The American Wind Energy Association expects installed capacity to grow from 11,603 MW now to about 100,000 MW by 2020.
That's an increase of nearly 90 gigawatts. McCain was talking about building 45 new nuclear power plants by 2020. A medium size nuclear plant is about 2 gigawatts, some are 1 gigawatt. Hoover Dam is 2 gigawatts. So in the same time span, wind could equal the output of the proposed nuclear power plants, but cheaper and safer and without ever having to worry about running out of wind. And uranium supply is already running low, according to
The Lean Guide to Nuclear Power
http://www.theleaneconomyconnection.net/downloads.html#Nuclear
One of nuclear's biggest negatives is the enormous amounts of water necessary to cool the plants.
more on nuclear here:
http://www.cleanwisconsin.org/campaigns/NuclearPower/unsustainable_cost....
Wind and solar are faster to get up and running than nuclear or coal.
And since they are modular in design, you don't even have to wait for the wind or solar farms to be complete before getting power from them.
Climate
Obama won because people wanted a change, especially because we were fed up with how the economy was going.

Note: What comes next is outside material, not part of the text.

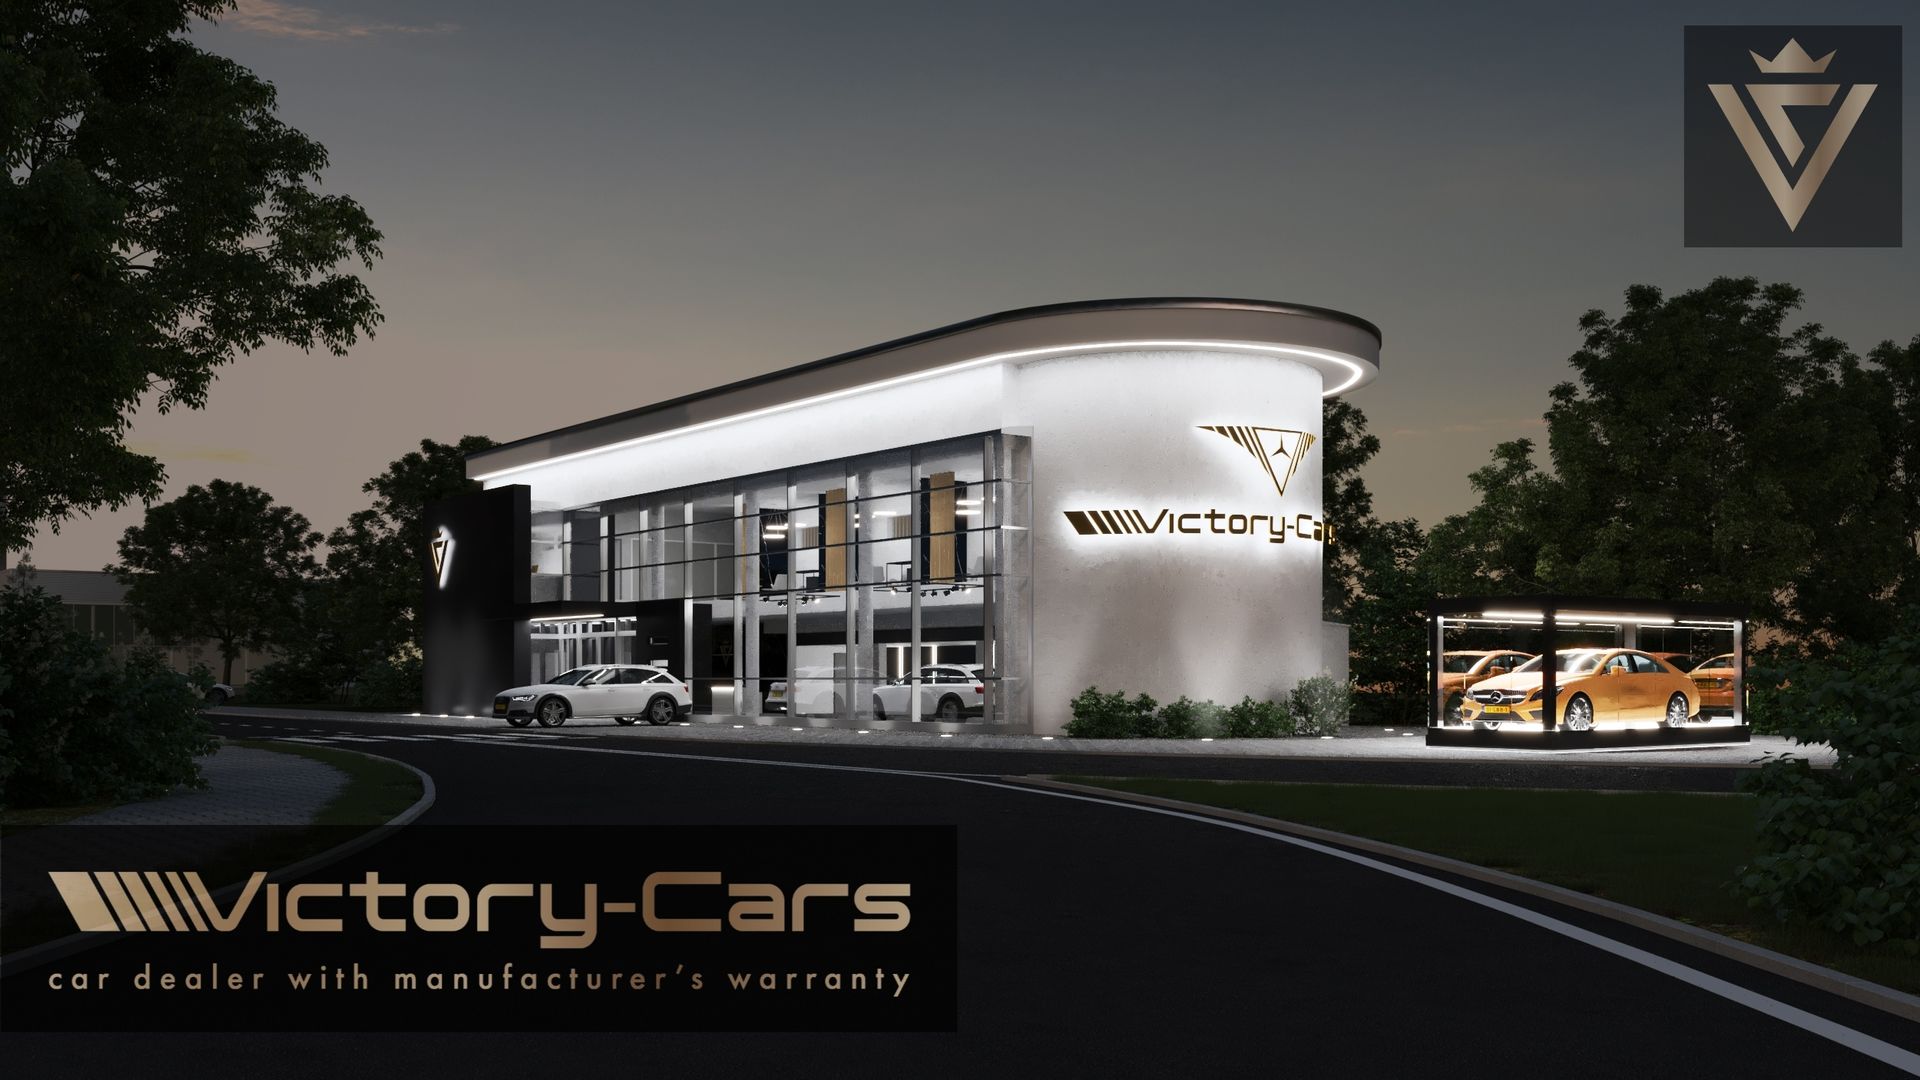 /// VICTORY-CARS /// - Car Dealer with Manufacturer's Warranty top banner

People have lost jobs and homes. We can't pay our bills. How much this kind of policy is going to cost the American people? Will we be able to afford the utilities? Will any more Americans lose their jobs because of this policy - like for ex, the coal industry? Lets fix the economy first, give it first priority which is what we want, then go and do changes that we might later afford.
Deja Vu
It wouldn't be wise to fix the economy so that it does what it did before. We need to re-establish it upon new foundations, not upon the corpse of business as usual.